The previous step only builds the simulators directly in the SimBricks
repository. You likely also want to build at least some of the external
simulators, such as gem5, QEMU, or ns-3. You can either build all external
simulators by running `make -jN external` (this could take multiple hours
depending on your machine), or build them individually by running e.g.
`make -jN sims/external/qemu/ready` (replace `qemu` with `gem5`, `ns-3`,
or `femu` as desired).

Next, to actually run simulations, you will also need to build the disk images
with `make -jN build-images` (note this requires QEMU to be built first).
This will build all our disk images, while `make build-images-min` will
only build the base disk image (but not the NOPaxos or Memcache images used for
some experiments). This step will again take 10 - 45 minutes depending on your
machine and whether KVM acceleration is available but only needs to be run
once (unless you want to modify the images).
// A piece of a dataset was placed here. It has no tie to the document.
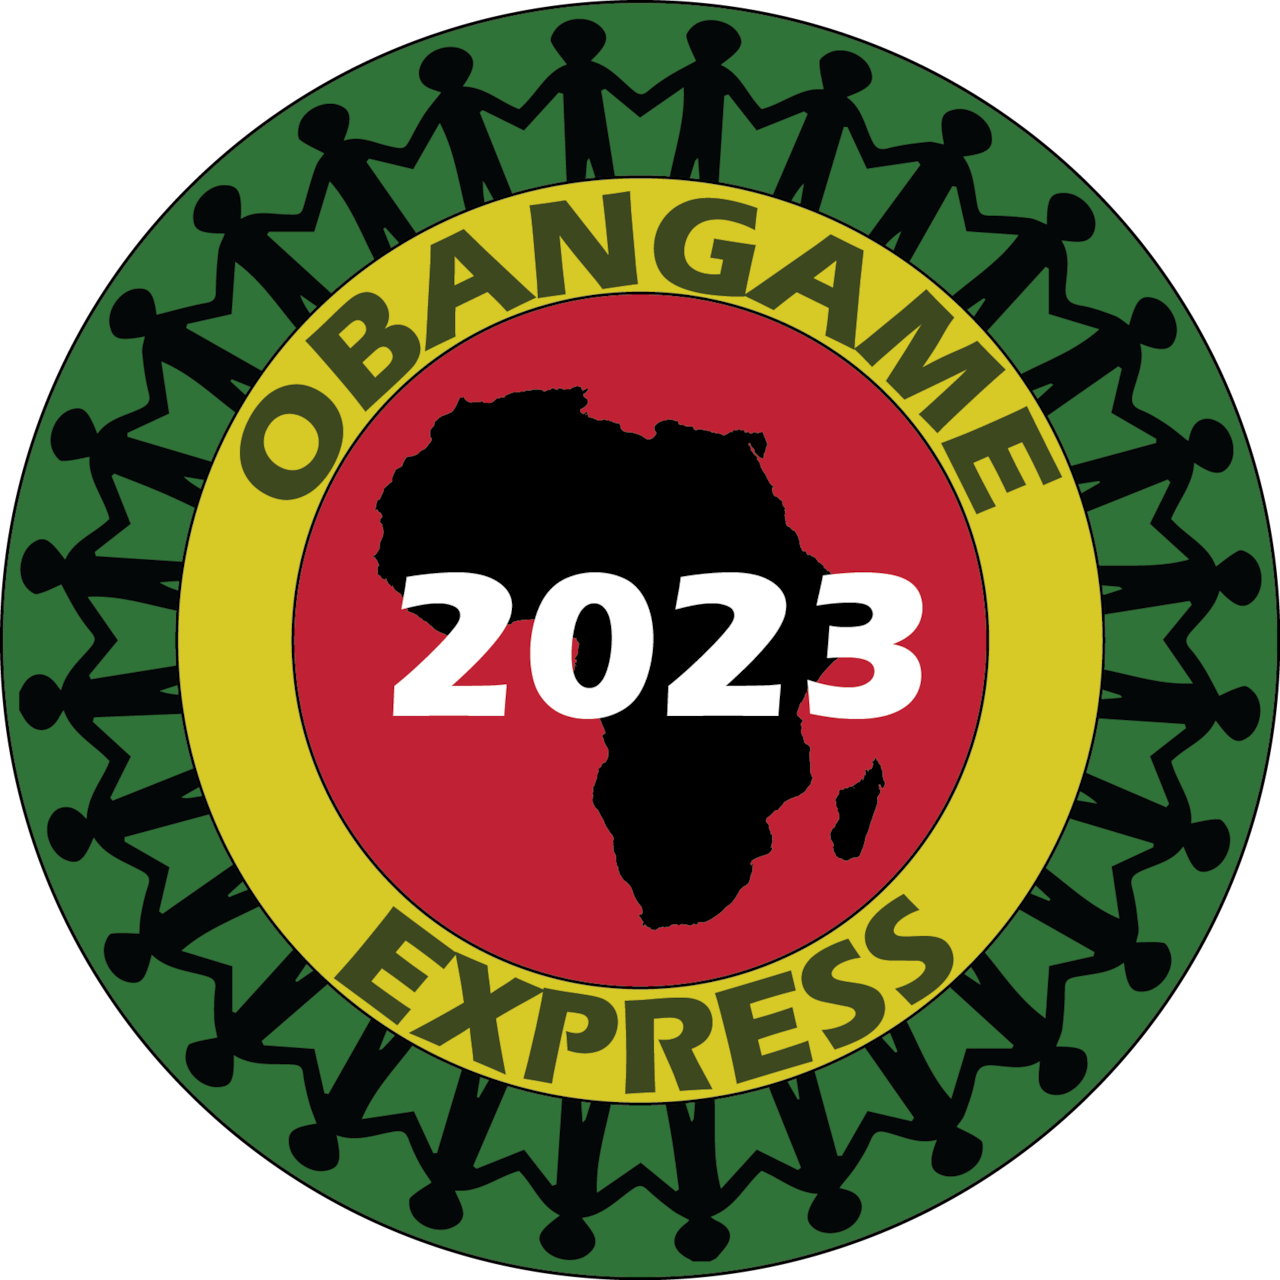 Internationale oefening Obangame Express 2023 gepland om te beginnen > US Navy > Nieuwsverhalen

Now you are ready to run simulations as with the pre-built docker images.

### Building From Source

Finally, it is of course possible to install the required dependencies
directly on your machine and then build and run SimBricks locally. Note that
you will need to install both the modest build dependencies for SimBricks but
also for the external simulators you need. We suggest you refer to the
[`docker/Dockerfile.buildenv`](docker/Dockerfile.buildenv) for the
authoritative list of required dependencies.

## Repository Structure

- `doc/`: Documentation (sphinx), automatically deployed on
  [Read The Docs](https://simbricks.readthedocs.io/en/latest/?badge=latest).
- `lib/simbricks/`: Libraries implementing SimBricks interfaces
  - `lib/simbricks/base`: Base protocol implementation responsible for
    connection setup, message transfer, and time synchronization between
    SimBricks component simulators.
  - `lib/simbricks/network`: Network protocol implementation carrying ethernet
    packets between network components, layers over the base protocol.
  - `lib/simbricks/pcie`: PCIe protocol implementation, roughly modelling PCIe
    at the transaction level, interconnecting hosts with PCIe device simulators,
    layers over base protocol.
  - `lib/simbricks/nicbm`: Helper C++ library for implementing behavioral
    (high-level) NIC simulation models, offers similar abstractions as device
    models in other simulators such as gem-5.
  - `lib/simbricks/nicif`: *(deprecated)* Thin C library for NIC simulators
    establishing a network and a PCIe connection.
- `dist/`: Proxies for distributed SimBricks simulation running on multiple
  physical hosts.
  - `dist/sockets/`: Proxy transporting messages over regular TCP sockets.
  - `dist/rdma/`: RDMA SimBricks proxy (not compiled by default).
- `sims/`: Component Simulators integrated into SimBricks.
  - `sims/external/`: Submodule pointers to repositories for existing external
    simulators (gem5, qemu, ns-3, femu).
  - `sims/nic/`: NIC simulators
    - `sims/nic/i40e_bm`: Behavioral NIC model for Intel X710 40G NIC.
    - `sims/nic/corundum`: RTL simulation with verilator of the
      [Corundum FPGA NIC](https://corundum.io/).
    - `sims/nic/corundum_bm`: Simple behavioral Corundum NIC model.
    - `sims/nic/e1000_gem5`: E1000 NIC model extracted from gem5.
  - `sims/net/`: Network simulators
    - `sims/net/net_switch`: Simple behavioral Ethernet switch model.
    - `sims/net/wire`: Simple ethernet "wire" connecting two NICs back-to-back.
    - `sims/net/pktgen`: Packet generator.
    - `sims/net/tap`: Linux TAP device adapter.
    - `sims/net/tofino/`: Adapter for Intel Tofino Simulator.
    - `sims/net/menshen`: RTL simulation with verilator for the
      [Menshen RMT Pipeline](https://isolation.quest/).
- `experiments/`: Python Orchestration scripts for running simulations.
  - `experiments/simbricks/`: Orchestration framework implementation.
  - `experiments/run.py`: Main script for running a simulation.
  - `experiments/pyexps/`: Example simulation configurations.
- `images/`: Infrastructure to build disk images for hosts in SimBricks.
  - `images/kernel/`: Slimmed down Linux kernel to reduce simulation time.
  - `images/mqnic/`: Linux driver for Corundum NIC.
  - `images/scripts/`: Scripts for installing packages in disk images.
- `docker/`: Scripts for building SimBricks Docker images.